A questo punto sono stato nuovamente visitato dal neurologo, che mi ha ripetuto un test cognitivo; Ho risposto correttamente a 29 domande su 30. Ha fatto le analisi del sangue e un'altra risonanza magnetica al cervello, ma non è risultato nulla di significativo. Mi ha detto: “Sembri OK. L’unica cosa che ti resta da fare è la PET, ma non ti serve davvero perché sembra che tu stia bene”. Ho detto: "No, sento che qualcosa non va e vorrei fare la scansione". Ho fatto la scansione del cervello nell'aprile 2022 e ha mostrato cambiamenti significativi nelle regioni frontotemporali. Il neurologo mi ha chiamato più tardi – non me lo ha nemmeno detto di persona – e ha detto che ho la FTD, ho bisogno di essere visitato da uno specialista neurocognitivo e di avere una bella vita.
Questa notizia è stata davvero sconvolgente. Il mio piano generale era di continuare a praticare la medicina per altri 10-15 anni... invece sono andato in pensione a maggio 2022.
AFTD: È stato utile ottenere una diagnosi o preferiresti non saperlo?
Dottor Stern: È divertente: se non avessi fatto la PET, non avrei saputo di avere la FTD e avrei potuto continuare a fare quello che stavo facendo: vedere i pazienti, fare interventi chirurgici. Quindi almeno sapere è stato utile in quanto nessuno si è fatto male. Sfortunatamente, scoprirlo – soprattutto per questa condizione che non ha cure o cure mediche o chirurgiche – è difficile, perché ora vivi con un limite di tempo, e in un numero x di anni la demenza progredirà e peggiorerà in modo significativo, e il mio la durata della vita sarà molto più breve di quella desiderata. È molto, molto difficile conviverci. Non è insolito per me pensarci ogni giorno.

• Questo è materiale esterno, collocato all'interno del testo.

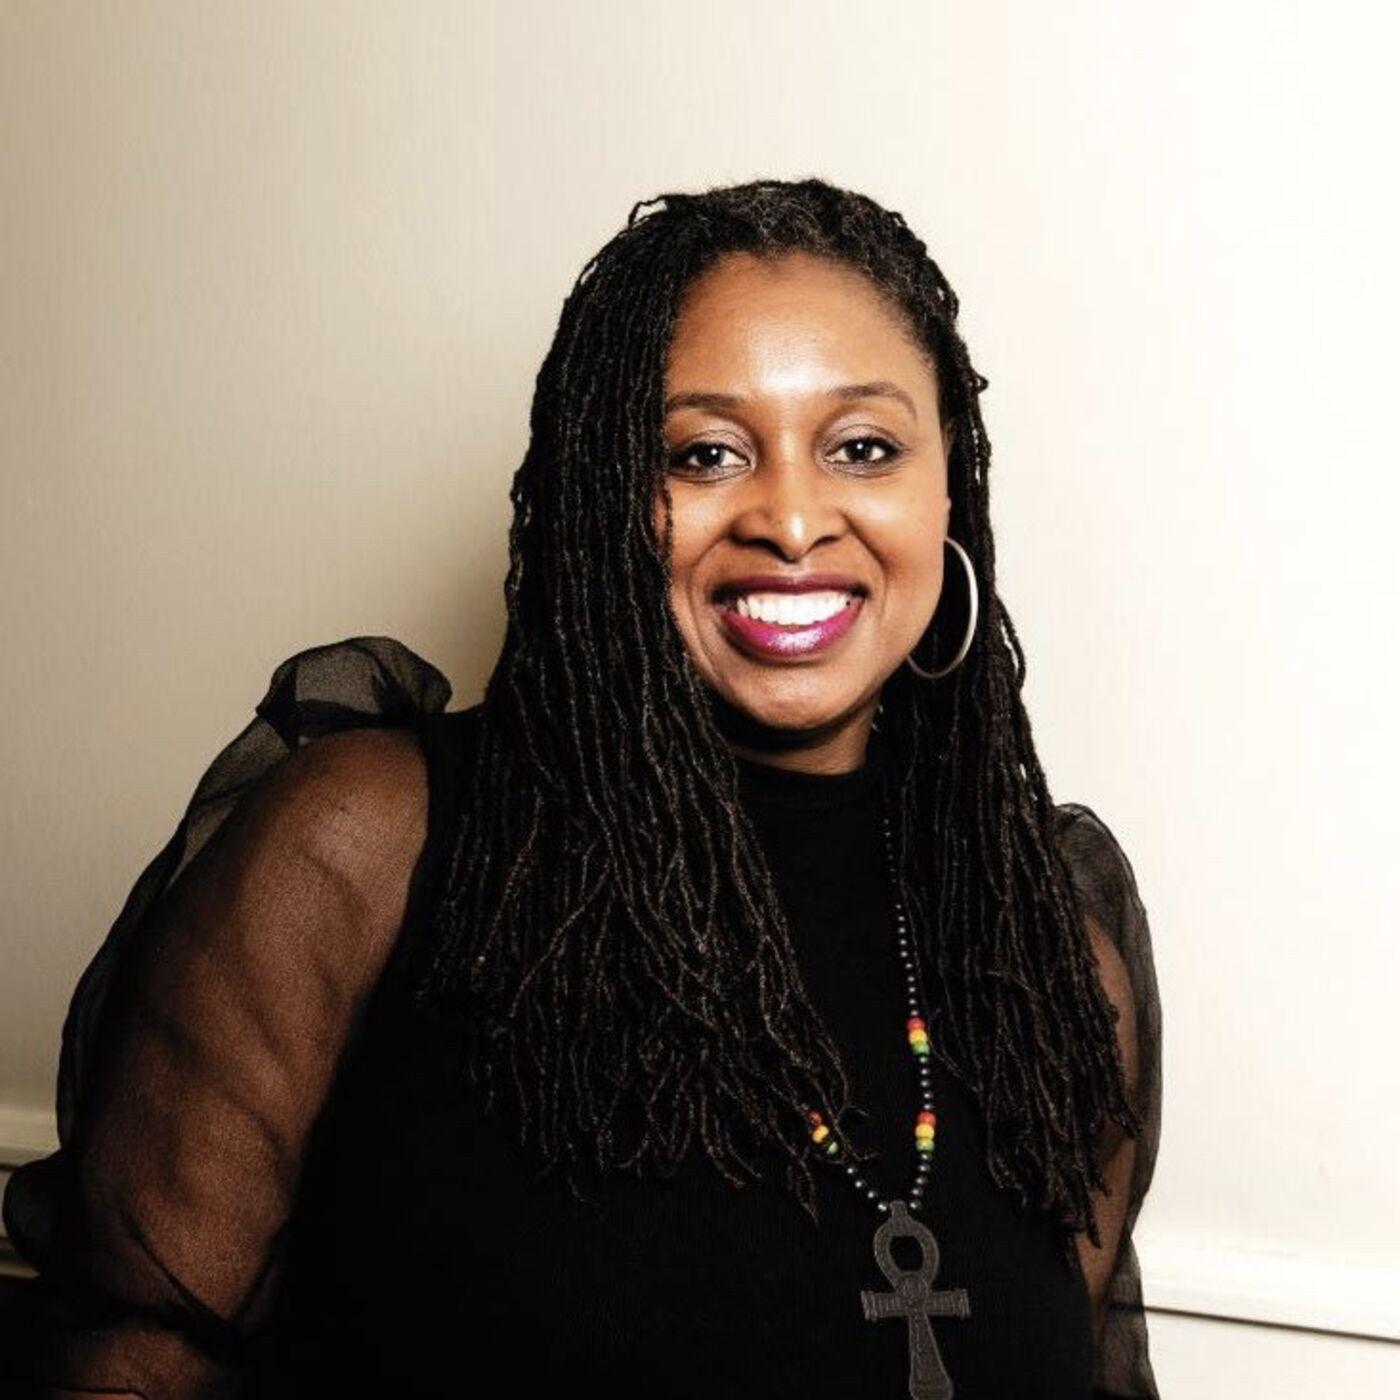 Politician Dawn Butler - Racism, vulnerability and politics

D’altra parte, ottenere una diagnosi mi ha permesso di fare progetti per le mie future esigenze sanitarie. Mi sono assicurato che la mia procura sanitaria, il mio testamento e i miei investimenti finanziari fossero tutti presi cura di me. E ho iniziato a istruire gli altri sulla FTD e su altri disturbi neurodegenerativi.
AFTD: Cosa diresti del tempo necessario per ottenere una diagnosi? Ci sono voluti diversi anni. Avresti voluto saperlo prima piuttosto che dopo?
Dottor Stern: Ho gestito abbastanza bene le mie attività quotidiane fino alla metà del 2021, quando le cose sono progredite notevolmente. Da lì mi è stata diagnosticata in meno di un anno. Ma sono un medico e un chirurgo. La persona media là fuori che non conosce personalmente i neurologi, potrebbe trovarsi di fronte al problema di avere un medico che non è veramente istruito sulla FTD. Oppure potrebbero avere familiari che dicono loro: “Oh, stai solo invecchiando; si prevede un certo calo”. Oppure non c'è nessun neurologo dove vivono e devono guidare da 100 a 200 miglia per vederne uno. Oppure la loro assicurazione non copre i test di cui hanno bisogno. Tutti questi sono problemi diversi, sfortunati e complicati.
Avere qualcuno che partecipi alle tue cure o che ti rappresenti quando vai a questi appuntamenti medici è molto vantaggioso. Lo stesso vale per il fatto che tenevo un diario per registrare i miei cambiamenti. E se non avessi spinto per quella PET, non sarebbe stata fatta. Se i pazienti non hanno qualcuno con loro quando vengono visitati o valutati, potrebbero facilmente essere indotti a non sottoporsi ai test necessari. Quella persona può dire al medico: “Guarda, sta vivendo questo e quest’altro – ecco perché siamo qui”. Personalmente so che se non avessi insistito sul fatto che c'era un problema, la mia FTD non sarebbe stata diagnosticata.